Unable to return to Kyiv, due to the outbreak of the war, she actively expressed her opposition to the invasion of Ukraine and to the Putin regime, online, in widely circulated videos, articles, and social media posts.
Events took a darker turn within months, when Makieva began to be targeted by what she believes was the FSB, Russia’s state security service.
“A dead, decapitated, bloody chicken was once thrown under my door,” she says. “Putting the dead chicken on a Ukrainian flag and sticking a portrait of Putin on my front door, they sent me death threats via my social networks, and they left me voicemails saying I would be put in jail.”
After she wrote an article raising questions about Putin’s sexual preferences, a photo of a gravestone bearing her face was taped on her door and Ukrainian flags were left below it.
The harassment and constant pressure became too much to bear for Makieva. Fearing for her own life, she began to search for an escape.
Detained in the U.S.
Though still under the watchful eye of the Russian authorities, Makieva decided to make it to the U.S. before things took a turn for the worst.
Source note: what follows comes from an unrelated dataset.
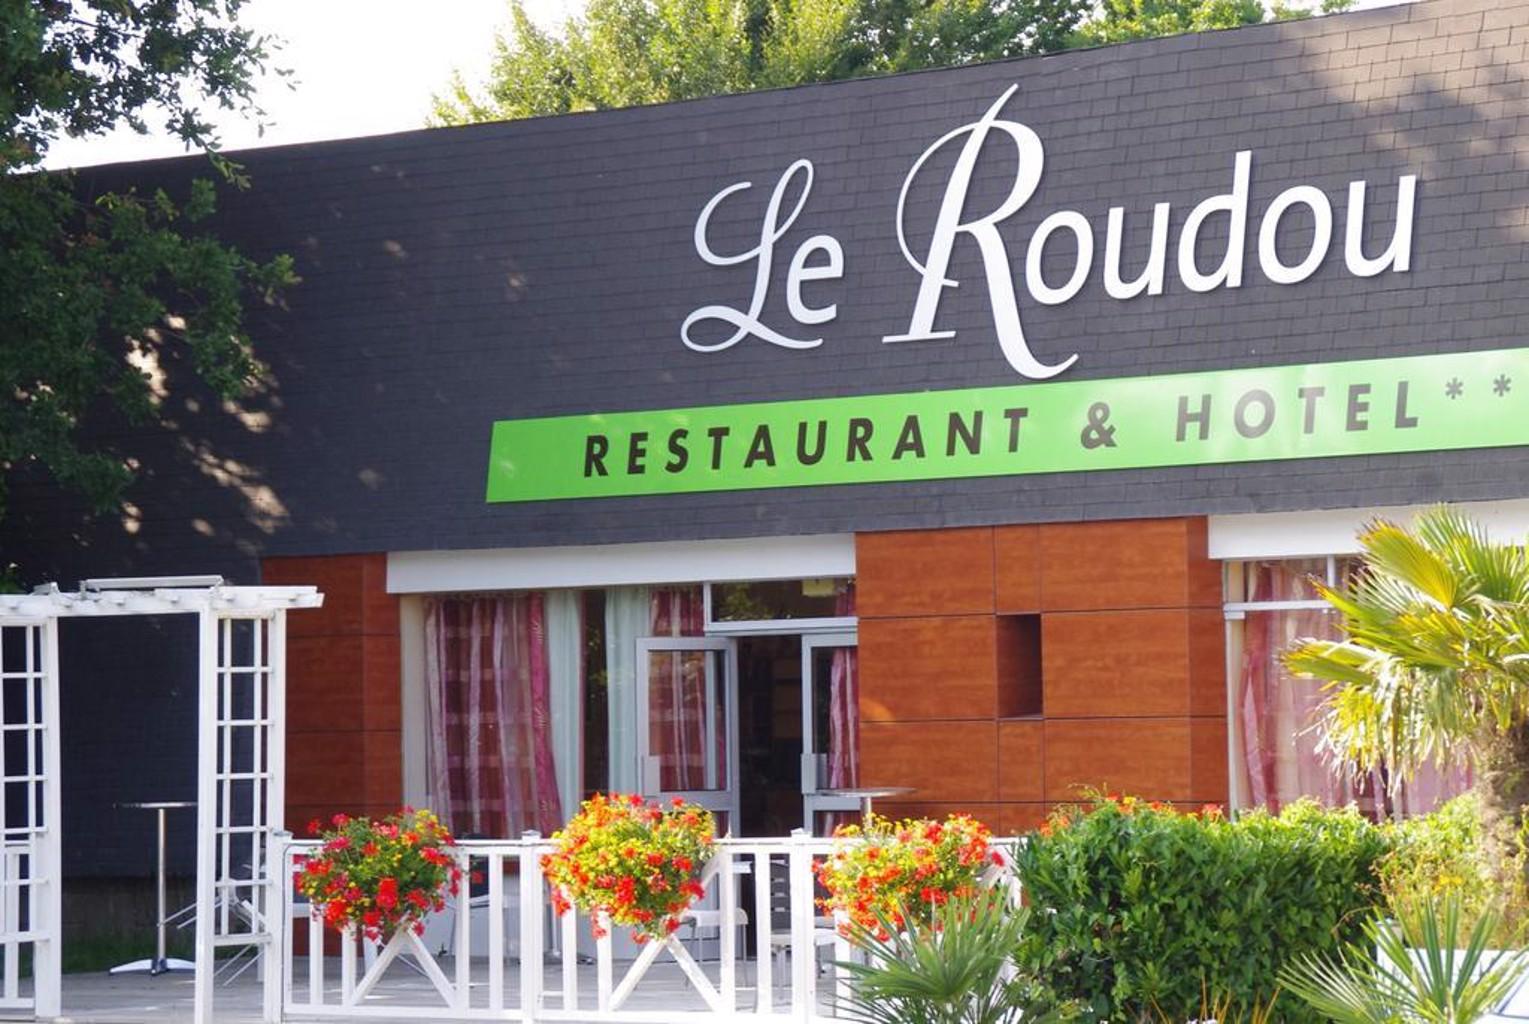 Gallery image of Hôtel le Roudou

Makieva has an immigration hearing pending so would not go into detail, but she was arrested for having allegedly illegally crossed the U.S.-Mexico border.
She found herself detained in an immigration center where she says she was given just a blanket and made to share a room with 20 people.
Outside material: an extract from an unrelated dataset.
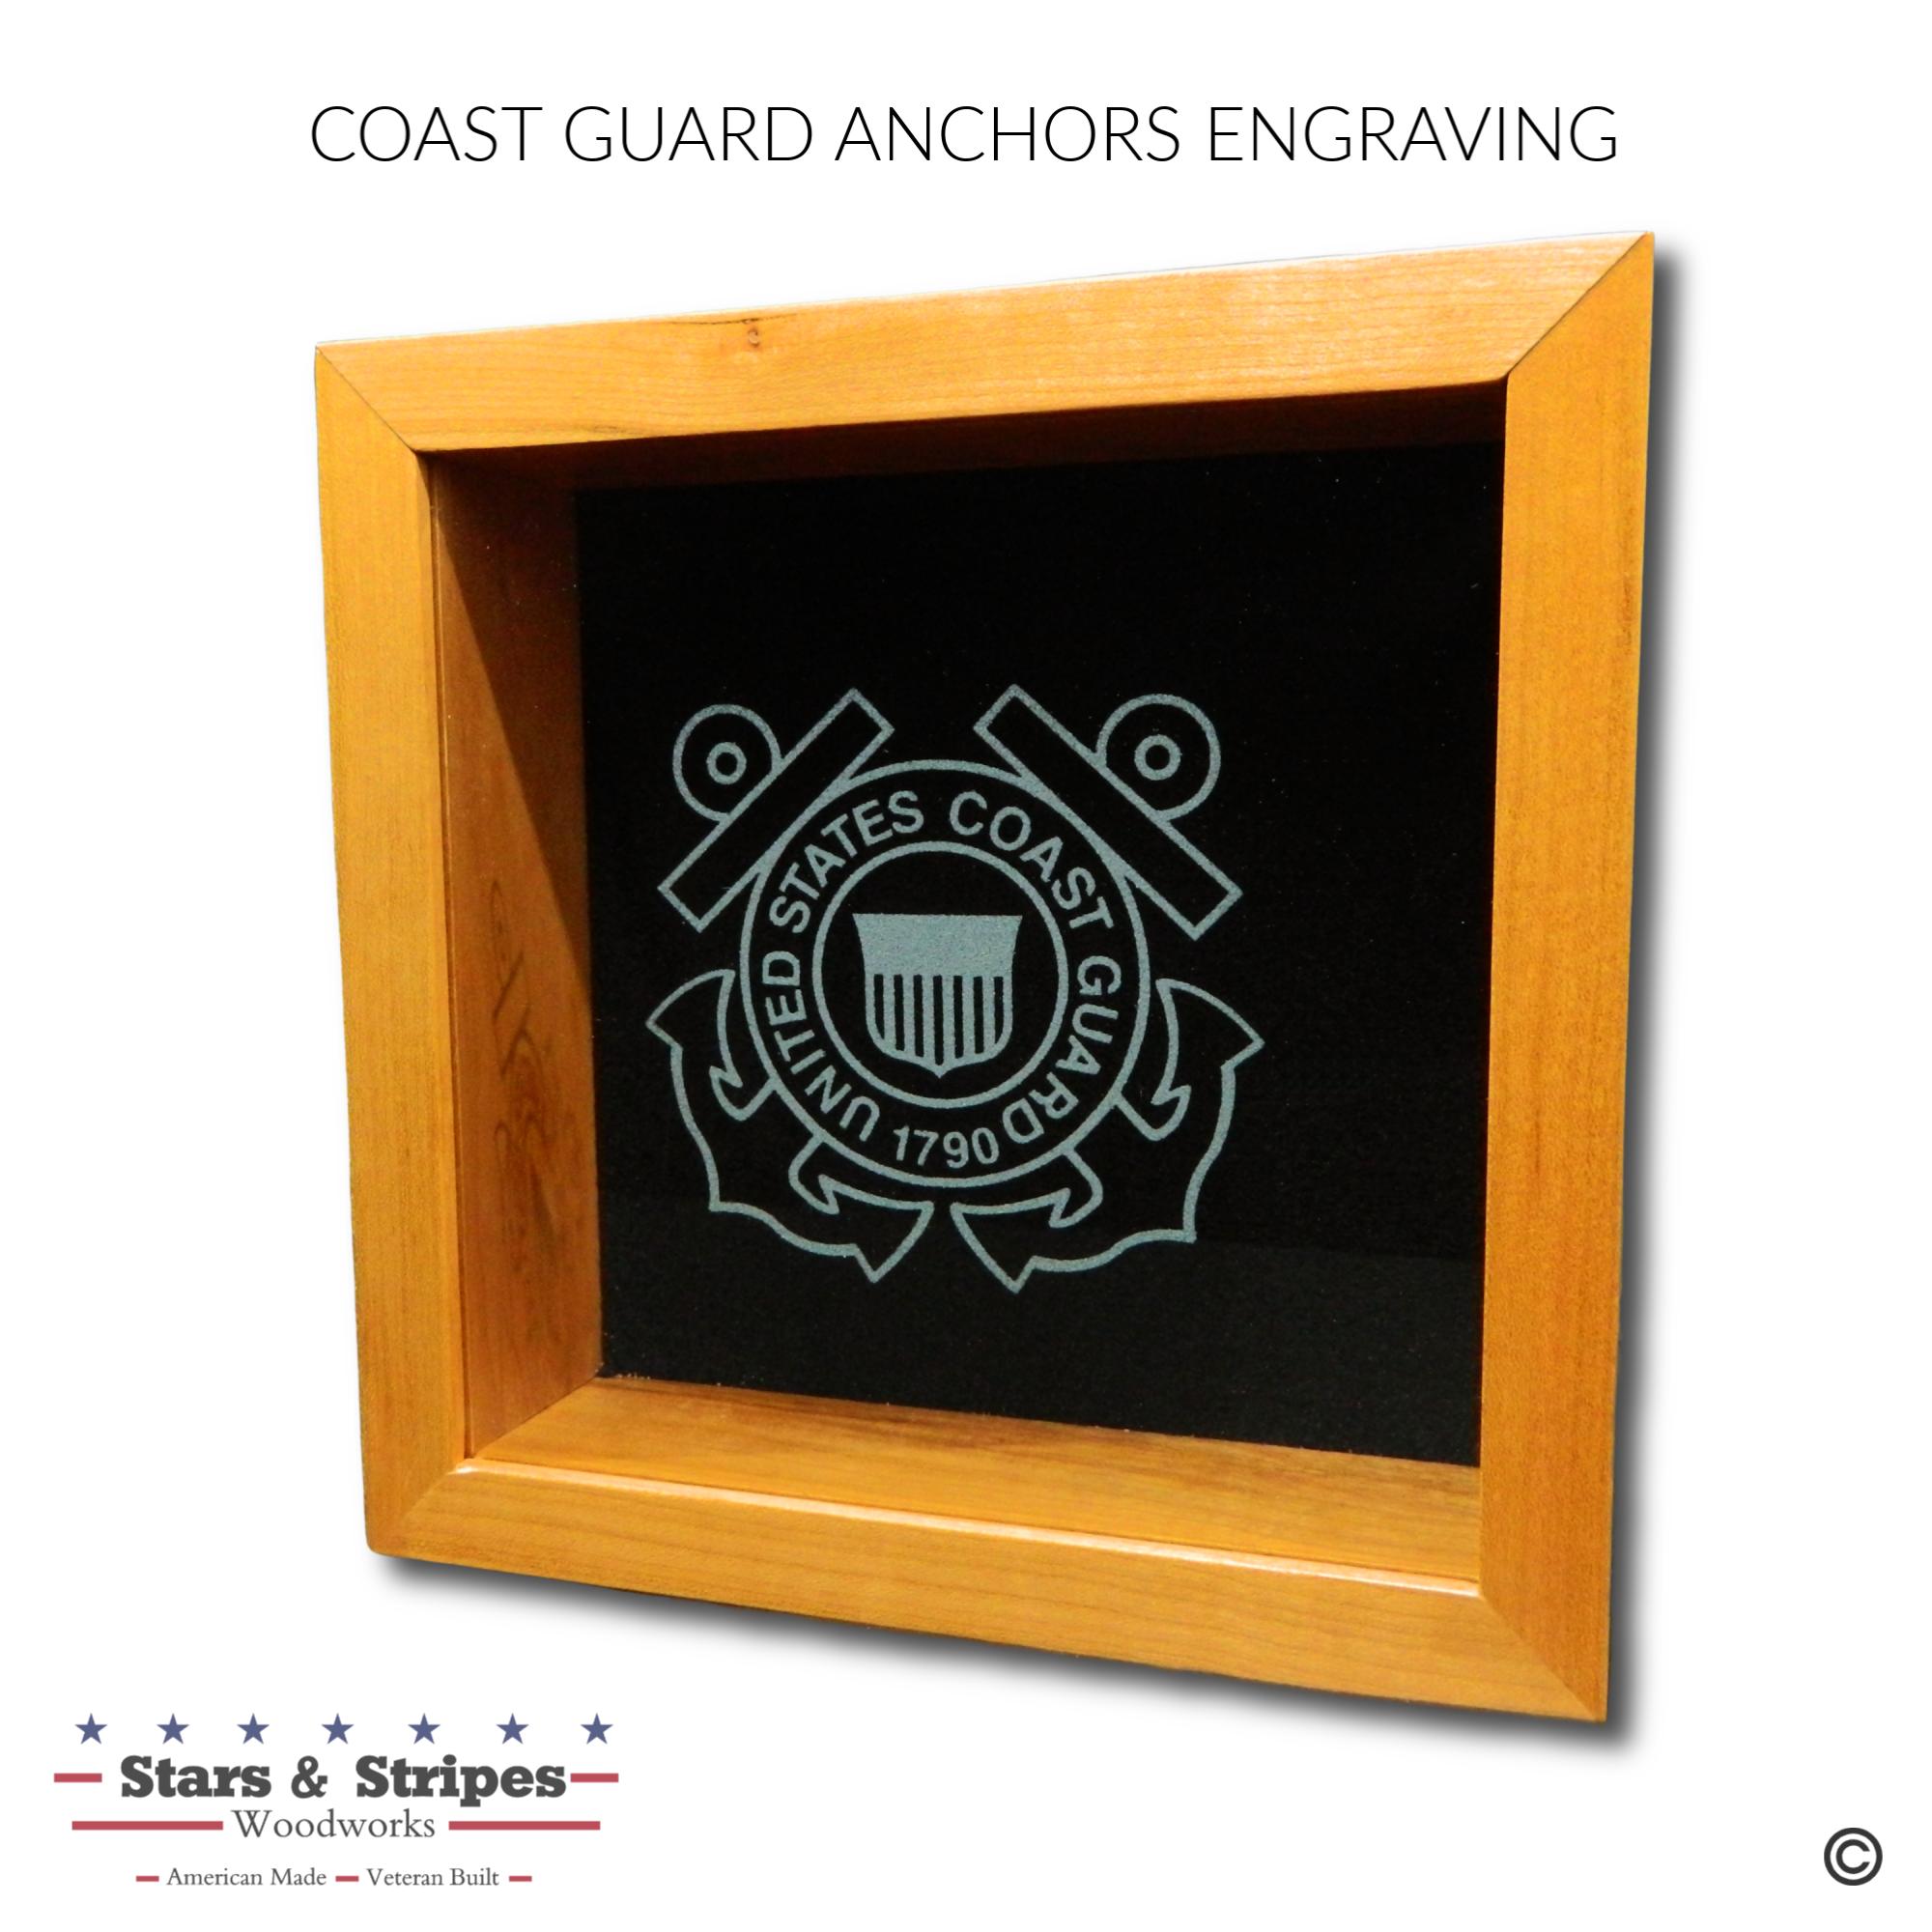 Coast Guard Anchors Glass Engraving Samp

From there she was transferred on Oct. 20, 2022, to a jail in Arizona where she spent more than a month before getting out.
“[That was] a real prison,” she says. “The cell [was] three by four meters. We [were] held in two by two. In the first ten days you were allowed out of the cell once a day – to make a call on a payphone for half an hour.
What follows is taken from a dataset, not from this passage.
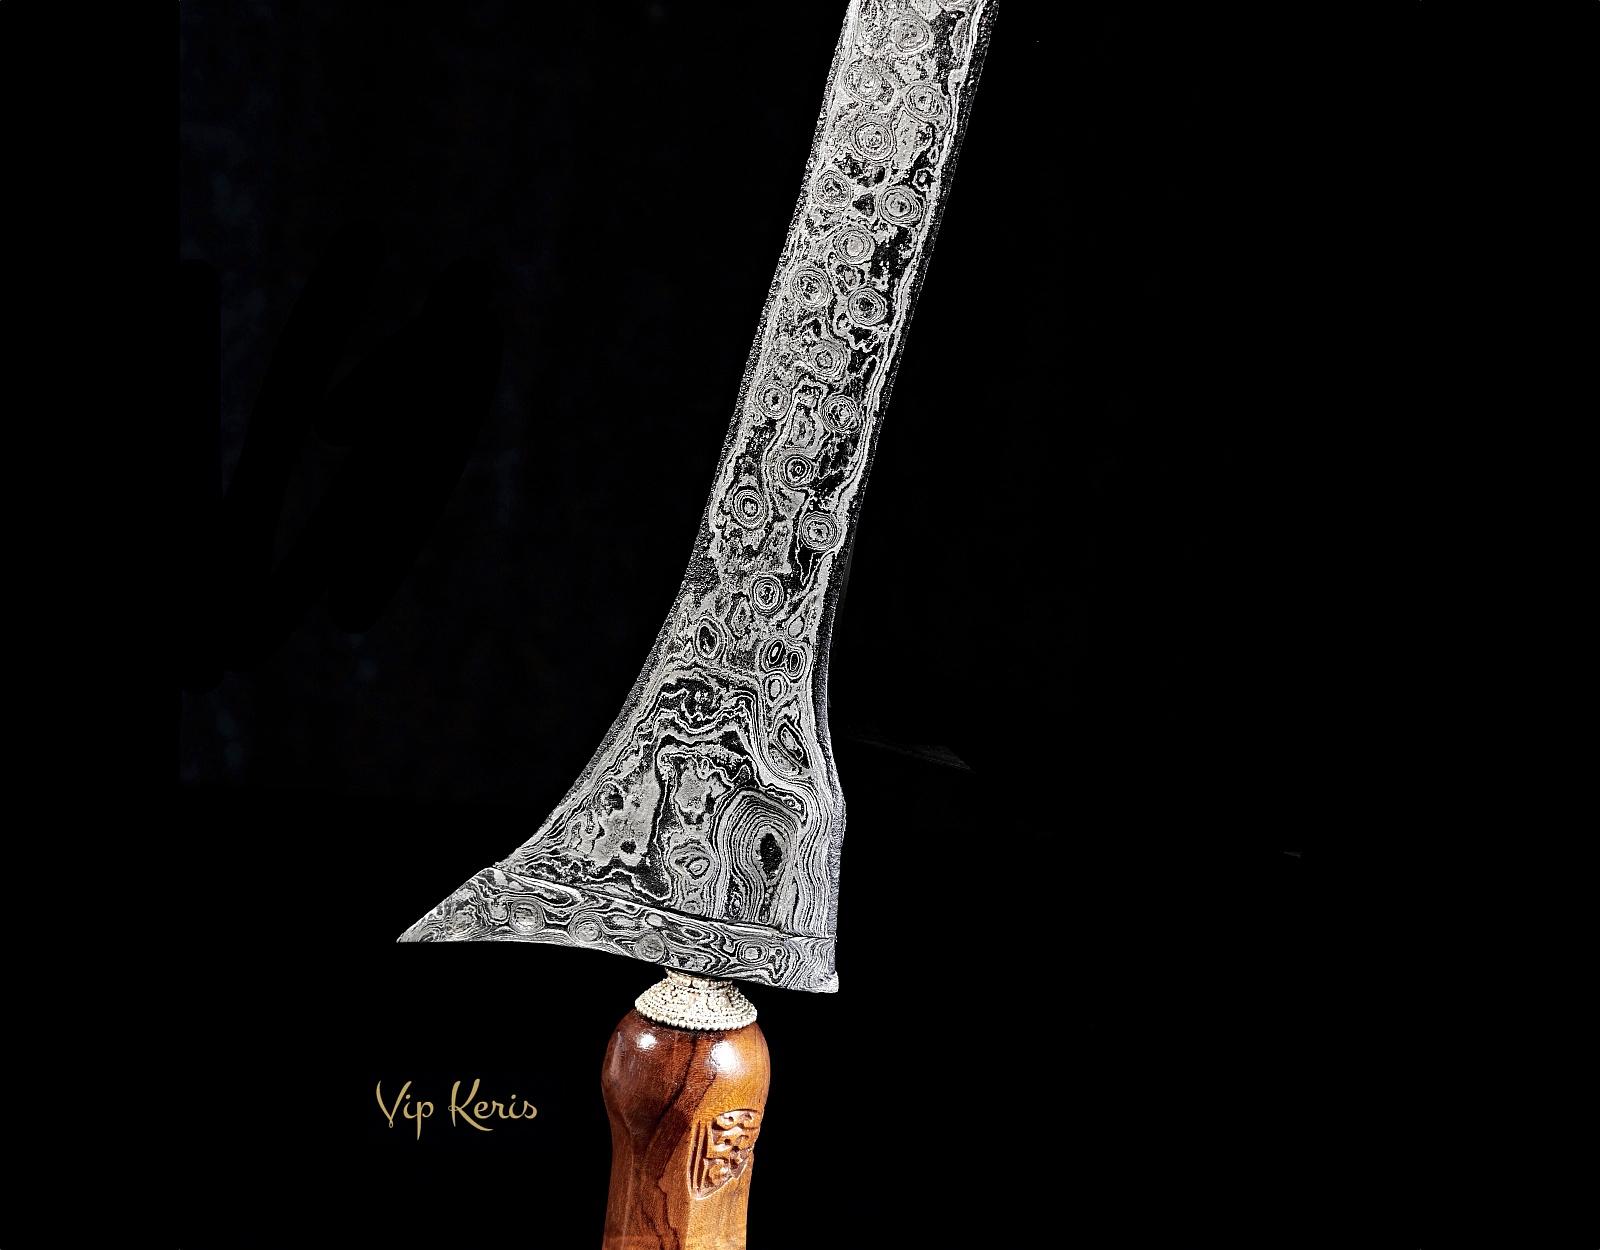 Ритуальный кинжал Крис Tilam Upih, работа с финансами. фото VipKeris

“The toilet was right in the cell without any partition. The showers were not very clean, and prison staff – not always women – walked by. They gave me prison clothes; they even took off my underpants and gave me prison shorts. Women's hygiene items such as pads can only be taken when you are released from the cell. And there were days when they wouldn't let us out for two days. So, you had to sit in the cell without them!”
She adds: “It is worth noting that the prison staff were very positive and polite and once a week we were examined by doctors. A psychologist visited too.”
Makieva wasn’t the only Russian there – she met one family fleeing a criminal case in Russia after they attended a rally against the war, and another man “whose skull was broken when the police beat him during an anti-Putin rally.”
Eventually, Makieva was released when an aunt, living in the U.S., was able to pay her bond. After being released, she was taken to the Red Cross which gave her second-hand clothing and dropped her off at the airport.
From there, she purchased a ticket to New York where she has a relative.
Even though she’s no longer in jail, Makieva knows that life will never be the same and she will likely never return to Russia.
“Just for the things that I wrote on social media against the war I could face 15 years in prison if I ever returned to Russia,” she says.
She has also lost many friends. “I don't communicate with any of my Russian friends who have become supporters of the war. I am sorry that I considered such lowlifes to have ever been my ‘friends’.
“Many of these people were apolitical before the war, but after they were like dogs-off-their- chains. Not understanding anything about politics, they tried to explain to me why this evil war was necessary. It was ridiculous. Sadly, even much of my family support the war.
“However, I do wish to make clear that not all Russians support the war: There are many who support Ukraine.”
Asked if she has any regrets about the events of the last year, Makieva is defiant. “I left because I wanted to live! And I don't regret at all that I oppose Putin and support Ukraine. The Putin Regime must fall – and it will.
“I am not a scofflaw - I just wanted to not die for my political beliefs.”